Inside Market Rebellion’s services, we mostly focus on individual stocks. However, with the help of options (and a low IV environment like the one we’re seeing now), sometimes the best performance can come from trading directly in the most highly traded, most liquid ETF on the market — that’s SPY. Lately, we’ve seen a few events that have us looking at SPY with new eyes.
SPY Darkpool Trades
Last week, we noticed a number of massive darkpool trades in the SPY ETF. For those unfamiliar, darkpool exchanges allow institutions and hedge funds to quietly amass large positions without driving up the price of the underlying stock. In this case, these institutions were amassing shares in the SPY. All of the following were bought last week, mostly on Thursday and Friday.

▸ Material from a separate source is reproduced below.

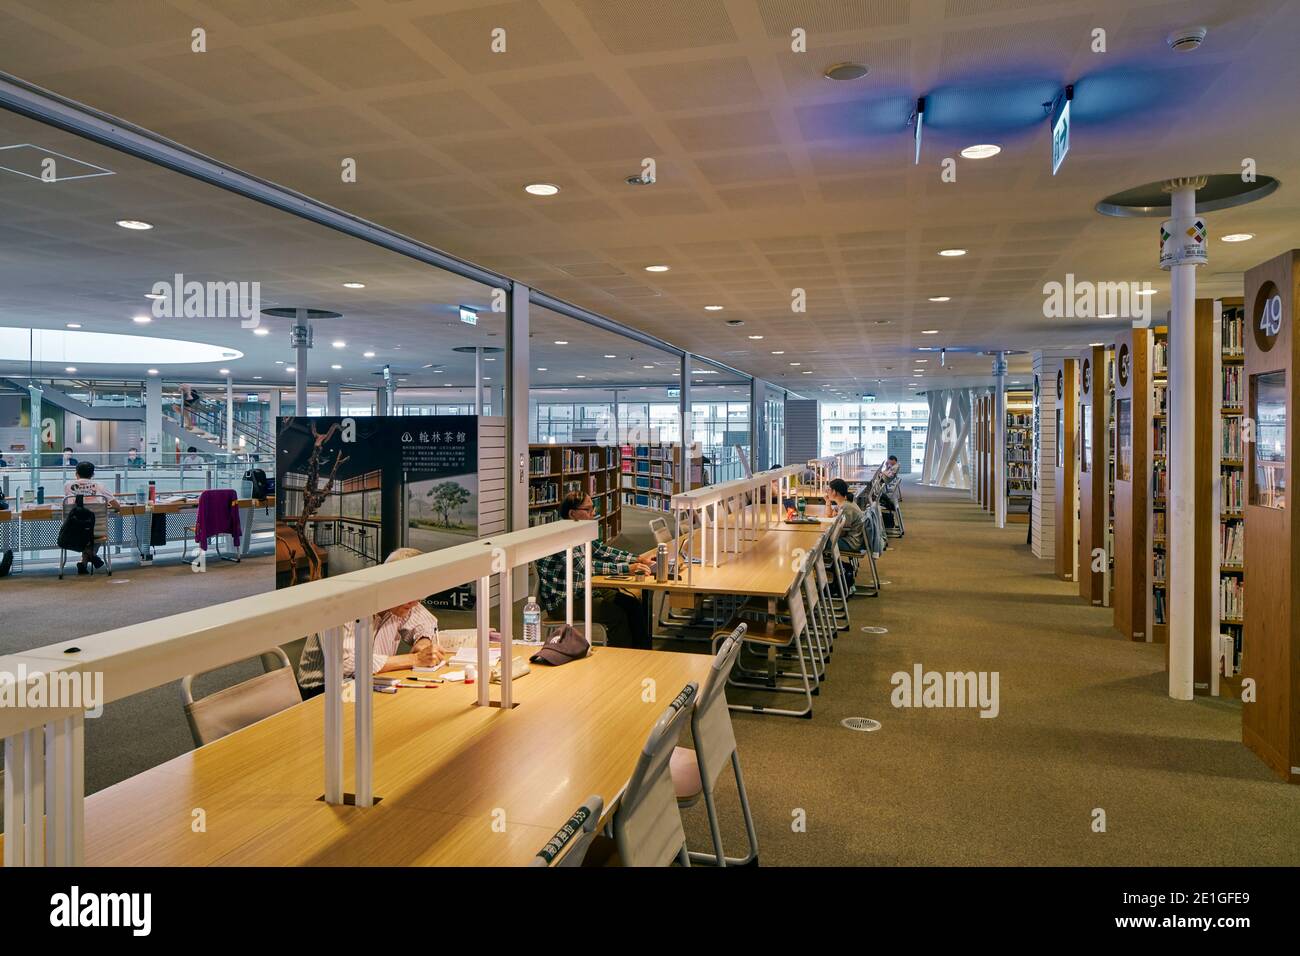 Vue intérieure de la bibliothèque publique principale de Kaohsiung à Kaohsiung, Taïwan. Terminé en 2014. Banque D'Images

- $1.2 billion dollar trade at $456.95.
- $2.5 billion dollar trade at $455.41.
- $3.5 billion dollar trade at $455.37.
- $3.1 billion dollar trade at $452.49.
- $4.2 billion dollar trade at $452.49.
- $2.9 billion dollar trade at $452.45.
When you see activity like this, it can be hard to understand what this really “means” — what’s considered a “large” darkpool trade? For context, more than $2 billion in a single trade is a lot. Seeing them back, to back, to back is even more notable. This creates a massive supply zone which can act as a level of support. That’s what happened last week, and to a lesser extent, it happened on Monday’s close as well. If the support holds, that’s bullish. However, supporting your bullish bias isn’t the only way to use these darkpool levels.
On Friday, we noticed the $455.41 level acting as support which helped create a short-term double bottom during that day’s trading. Monday, at 3:50PM EST, which was also the low of the day ($456.05), we noticed a massive spike in volume (highest volume of the day on the open market) that helped propel the SPY ETF more than a dollar higher within a blink of an eye, sending the SPY into positive territory, closing at $457.79.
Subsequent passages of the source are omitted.